The triangle 127 contains two holes 143 and the arm 128 contains one hole 144, to accommodate the dowel of a clamp designed to secure the miter gauge E to the standard fence 31 or the long fence 198, whichever is being used, whenever desired. As shown in FIG. 47, the clamp consists of an angle bracket 145, fitted with a hand wheel screw 146 and a dowel 147. As shown in FIG. 48, the miter gauge E, which may be used on either side of the saw blade kerf or cut line 148 is placed against the standard fence 31 or the long fence 198 for use. To secure the miter gauge E for repetitive length miters, the clamp 145c is placed astride the fence, with the dowel 147 engaging one of the holes 143 or 144 in the miter gauge E and the hand wheel screw 146 tightened against the fence. For repetitive length miters or 90° crosscuts, a stop block 149 is used, locked astride the miter gauge E extension 140, or the fences 31 or 198. As shown in FIG. 49 any one of the three sides of the miter gauge E may be placed against the fences 31 or 198, to permit mitering at any angle throughout 360°.
As shown in FIG. 50, the drop-leaf F consists of a frame constructed from two identical channel bars 150 and two identical channel bars 151, with the channels facing inward, and two identical shims 152. Both channel bars 151 have central holes 153 located in their upper and lower sides, with the lower holes being of a smaller diameter than the upper ones, to prevent the drop-in/lift-out shoulder pivot 14, usable with either the stand A or the drop-leaf F, from falling through. Only one hole, indicated as 153, serves a purpose. The hole in the other channel 151 is there only for manufacturing economy.
Three identical flat bars 154 are attached to the frame, one flat bar 154 to each channel bar 150 and one flat bar 154 to one channel bar 151, with two spacers 155 each between the channel bars and the flat bars. One channel bar 151 has two brackets 156 attached to its face, while the other channel bar 151 has two brackets 157 attached to its underside, as shown in FIG. 52. Each bracket 157 has a bolt 158 locked therein, to serve as anchors for arms 159, as shown in FIG. 53.

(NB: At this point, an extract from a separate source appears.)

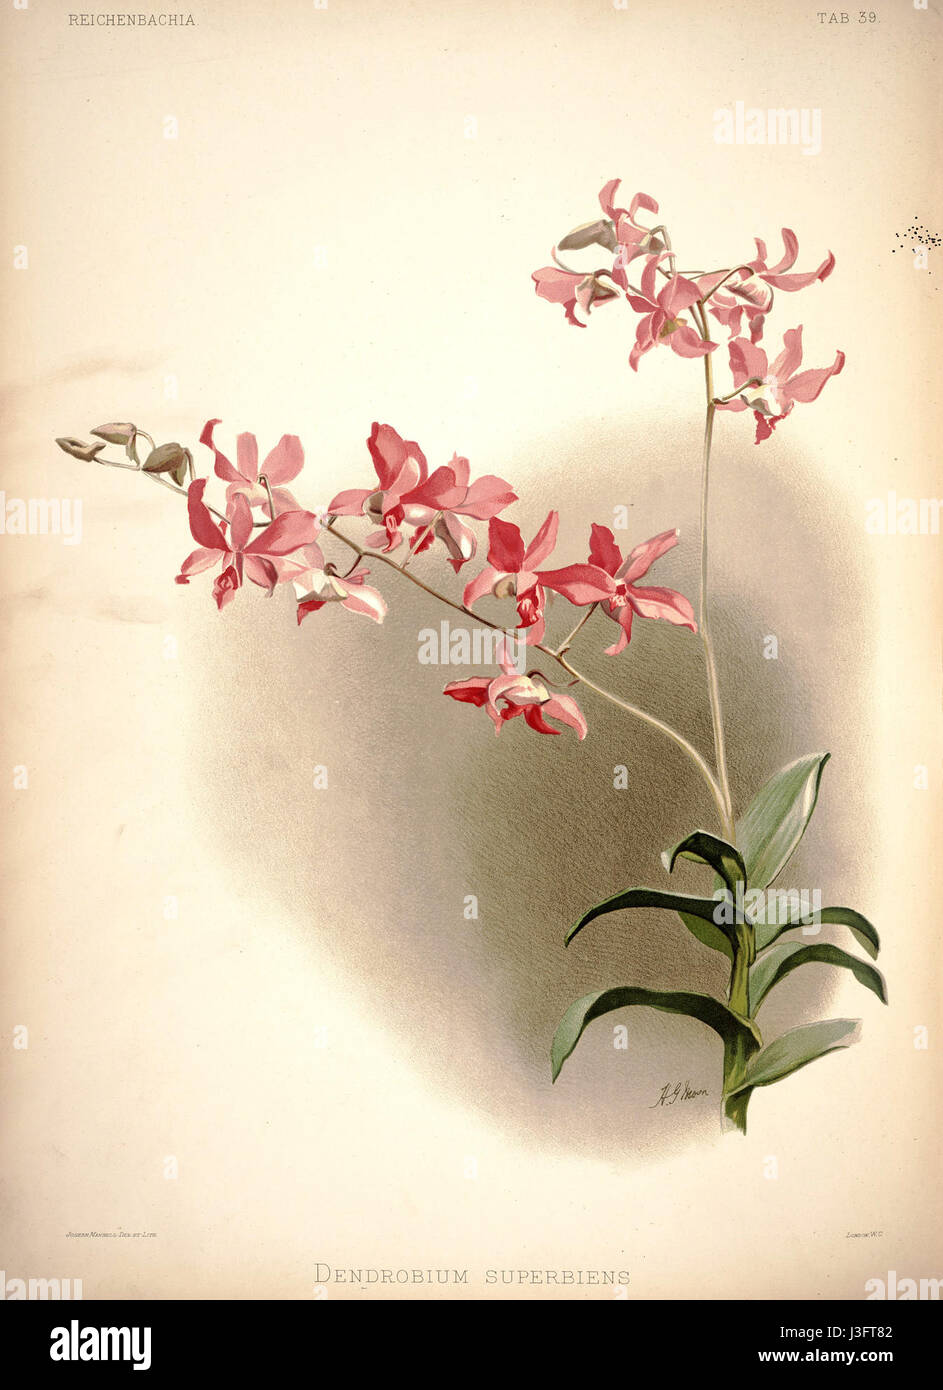 Frederick Sander   Reichenbachia I plate 39 (1888)   Dendrobium superbiens Stock Photo

The drop-leaf F is attached to and detached from the stand A quickly and easily, by sliding the brackets 156 laterally on to or off the bolts 19 and 20 of the stand A. The hand wheel nut 21, threaded on to the longer bolt 20, prevents any accidental detachment between the drop-leaf F and the stand A. The push-on, pull off arms 159 slide on to the drop-leaf F bolts 158 and the stand A bolts 38, as shown in FIG. 52, to secure the drop-leaf F in the horizontal position. As shown in FIG. 51, the drop-leaf F frame is covered by a table top 160 which, itself, is covered by an expendable and replaceable overlay 161, rubber cemented thereto. To permit full abutment between the combined table top 160 and overlay 161 of the drop-leaf F with the combined table top 22 and overlay 23 of the stand A, the combined table top 160 and overlay 161 are secured to the drop-leaf F frame through the use of four bolts 162, countersunk therein and threaded into two identical lock bars 163, which tighten against the inner face of the upper lip of both channel bars 151. Also to permit the aforesaid full abutment without obstructing the insertion of the drop-in/lift-out pivot 14, the hole 164 in the drop-leaf F the table top 160 and the overlay 161 combined is larger than the hole 153 in the channel bar 151.
As shown in FIG. 54, the auxiliary rear table G consists of a frame composed of two sleeve arms 165, connected by two rods or tubes 166, which fit into the arms 165 and are reinforced by two plates 167, which slide over the rods or tubes 166. A front elevation of one plate 167 is shown in FIG. 59.
As shown in FIG. 55, a table top 168 and an expendable and replaceable table top overlay 169, rubber cemented together as one unit, are attached on top of the frame through six bolts 170 countersunk therein. The bolts 170 thread into the sleeve arms 165 and plates 167. As shown in FIGS. 56 and 57, two rods or tubes 171 slide one each into the two sleeve arms 165, with the rods or tubes 171 then attached to the rear legs 32 of the stand A through two brackets 172 and two brackets 173. Two hand wheel screws 174, threaded one each in the two sleeve arms 165, serve to lock the vertically movable auxiliary rear table G at any selected position throughout the height or length of the rods or tubes 171. The top of an inverted L-shaped fence 175, shown in side and front elevations in FIG. 58, is Vee-grooved along its entire length for use in drilling round or tubular stock. The fence 175 rests on top of the table overlay 169, with the two slots 176 at the base of the fence 175 engaging two hand wheel screws 177, which thread into the plates 167 and secure the fence 175 to the auxiliary rear table G.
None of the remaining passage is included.